Najafian Keyhan, Ghanbari Alireza, Sabet Kish Mahdi, Eramian Mark, Shirdel Gholam Hassan, Stavness Ian, Jin Lingling, Maleki Farhad
Department of Computer Science, University of Saskatchewan, Saskatoon, Saskatchewan, Canada.
Mathematics Department, Faculty of Sciences, University of Qom, Qom, Iran.
Plant Phenomics. 2023;5:0025. doi: 10.34133/plantphenomics.0025. Epub 2023 Feb 24.

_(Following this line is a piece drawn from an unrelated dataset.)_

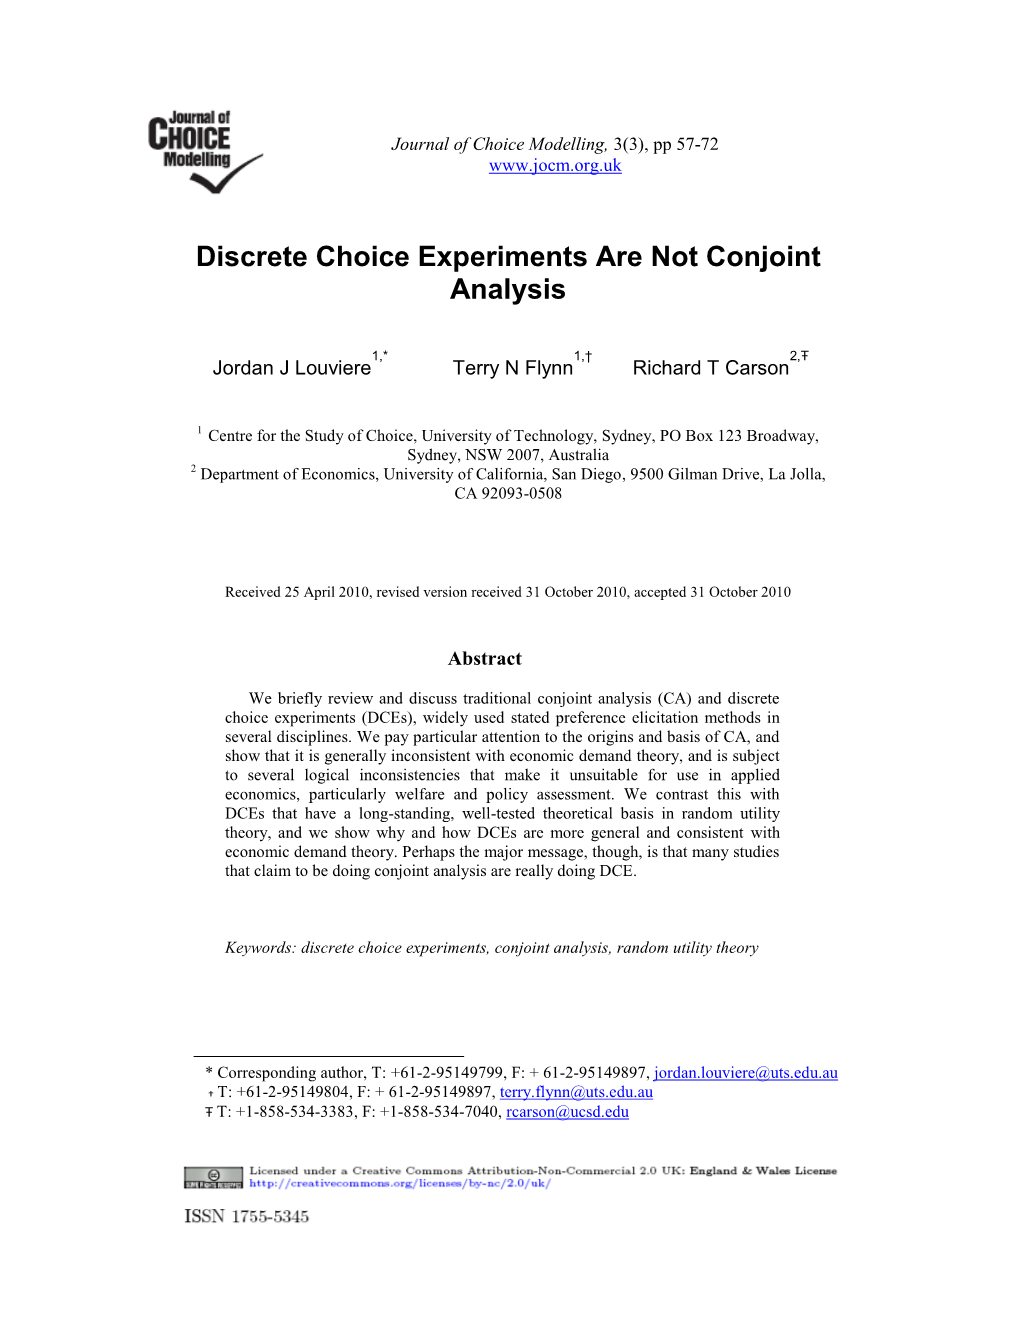 Discrete Choice Experiments Are Not Conjoint Analysis

Deep learning has shown potential in domains with large-scale annotated datasets. However, manual annotation is expensive, time-consuming, and tedious. Pixel-level annotations are particularly costly for semantic segmentation in images with dense irregular patterns of object instances, such as in plant images. In this work, we propose a method for developing high-performing deep learning models for semantic segmentation of such images utilizing little manual annotation. As a use case, we focus on wheat head segmentation. We synthesize a computationally annotated dataset-using a few annotated images, a short unannotated video clip of a wheat field, and several video clips with no wheat-to train a customized U-Net model. Considering the distribution shift between the synthesized and real images, we apply three domain adaptation steps to gradually bridge the domain gap. Only using two annotated images, we achieved a Dice score of 0.89 on the internal test set. When further evaluated on a diverse external dataset collected from 18 different domains across five countries, this model achieved a Dice score of 0.73. To expose the model to images from different growth stages and environmental conditions, we incorporated two annotated images from each of the 18 domains to further fine-tune the model. This increased the Dice score to 0.91. The result highlights the utility of the proposed approach in the absence of large-annotated datasets. Although our use case is wheat head segmentation, the proposed approach can be extended to other segmentation tasks with similar characteristics of irregularly repeating patterns of object instances.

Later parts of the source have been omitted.